Insect Damage ID – Gardening Australia episode 35 2021

Jerry Coleby-Williams explains how to identify insect damage. It’s always worthwhile identifying the invertebrates in your garden. Not all of them will leave obvious clues, but if you use the time while you’re out in the garden observing what your creatures scuttle, creep, crawl and fly through your garden it can really pay off.

Jerry keeps a list and has found more than 500 animals visit his garden – most of which don’t need any control at all!

Planting Memories

Josh visits a couple moving from their garden after 40 years to learn about their love of their garden and each other. Gwenda and Ray Kensitt’s current home is surrounded by immaculately tended gardens – layered, dense, tropical, calming, peaceful and productive. The garden has been an integral part of the couple’s home as Ray describes. “The garden is our favourite room in the house, it means the world to us’. Gwenda agrees, adding that “this garden has been built with passion, with care and, most of all, love, over decades”.

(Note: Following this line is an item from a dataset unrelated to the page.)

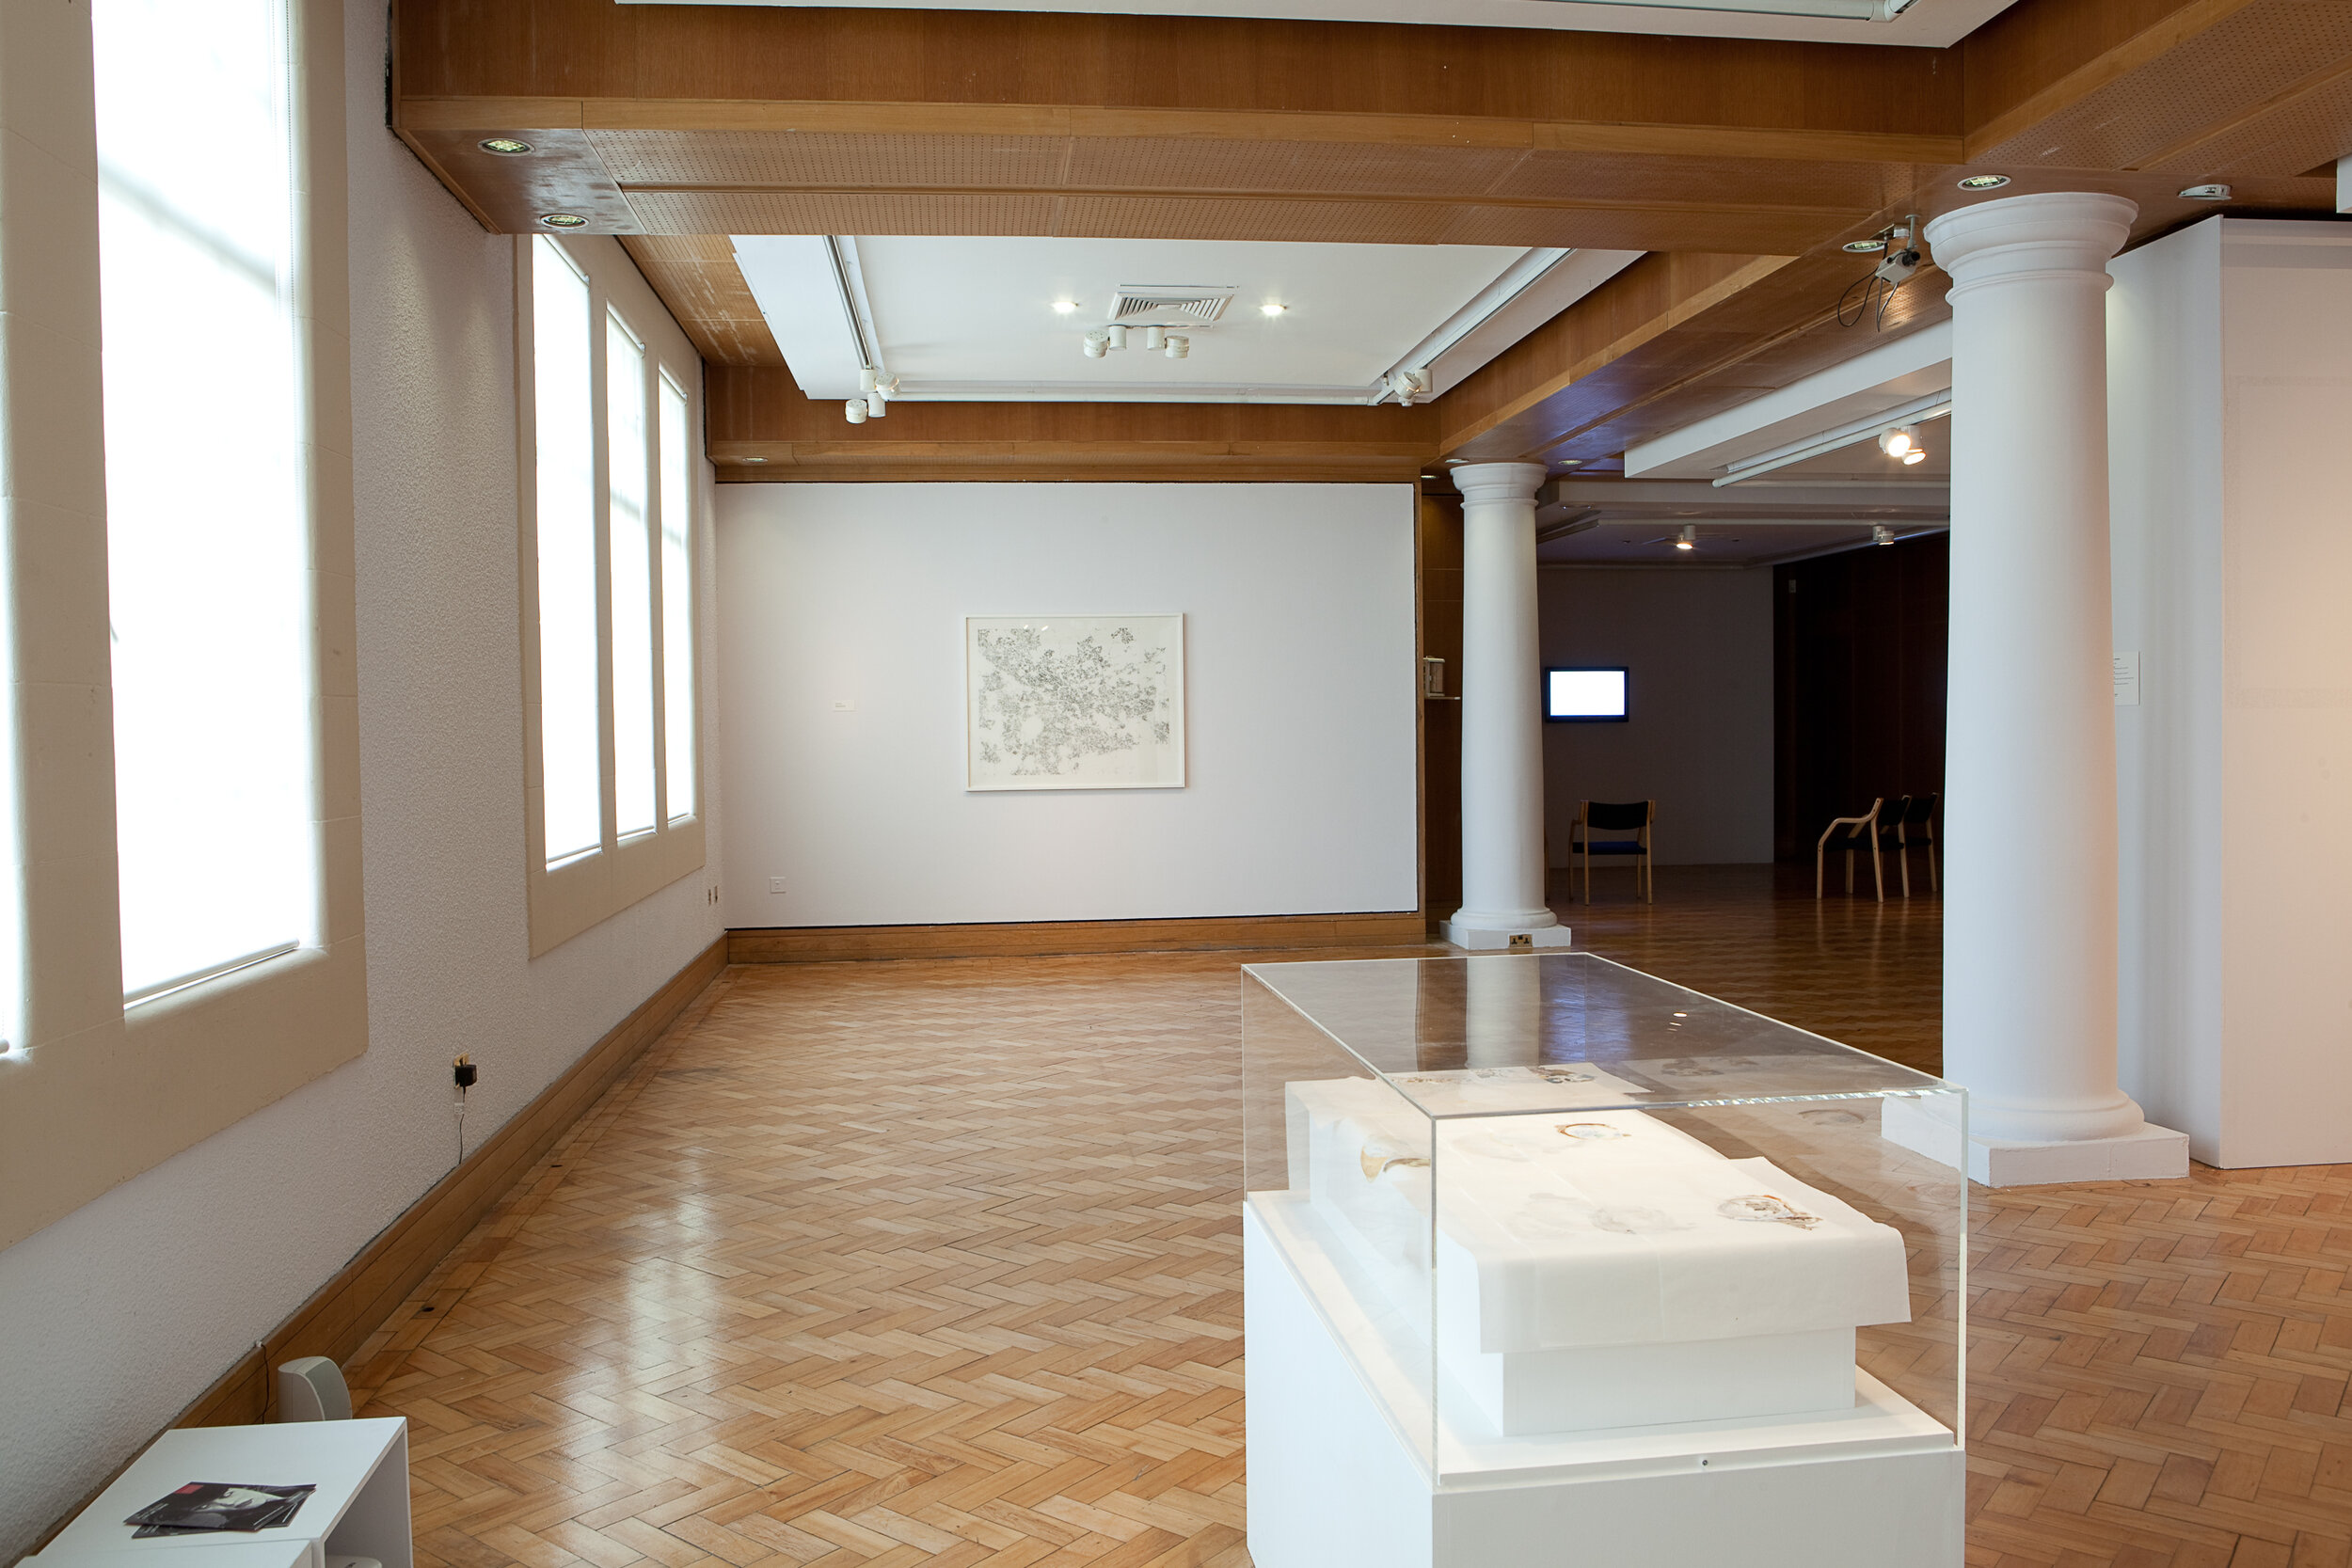 13. Nathalie De Briey and Layla Curtis - Installation View.jpg

Splashes of colour are provided by flowering plants including hibiscus, gingers and cannas, while frangipanis and bromeliads light up the brighter areas. Shape, form and interest is provided by the gnarled, deeply furrowed trunks of some WA Peppermint Trees (Agonis flexuosa), but the focal point of this area of the garden would have to be a spectacular Dragon Tree (Dracaena draco).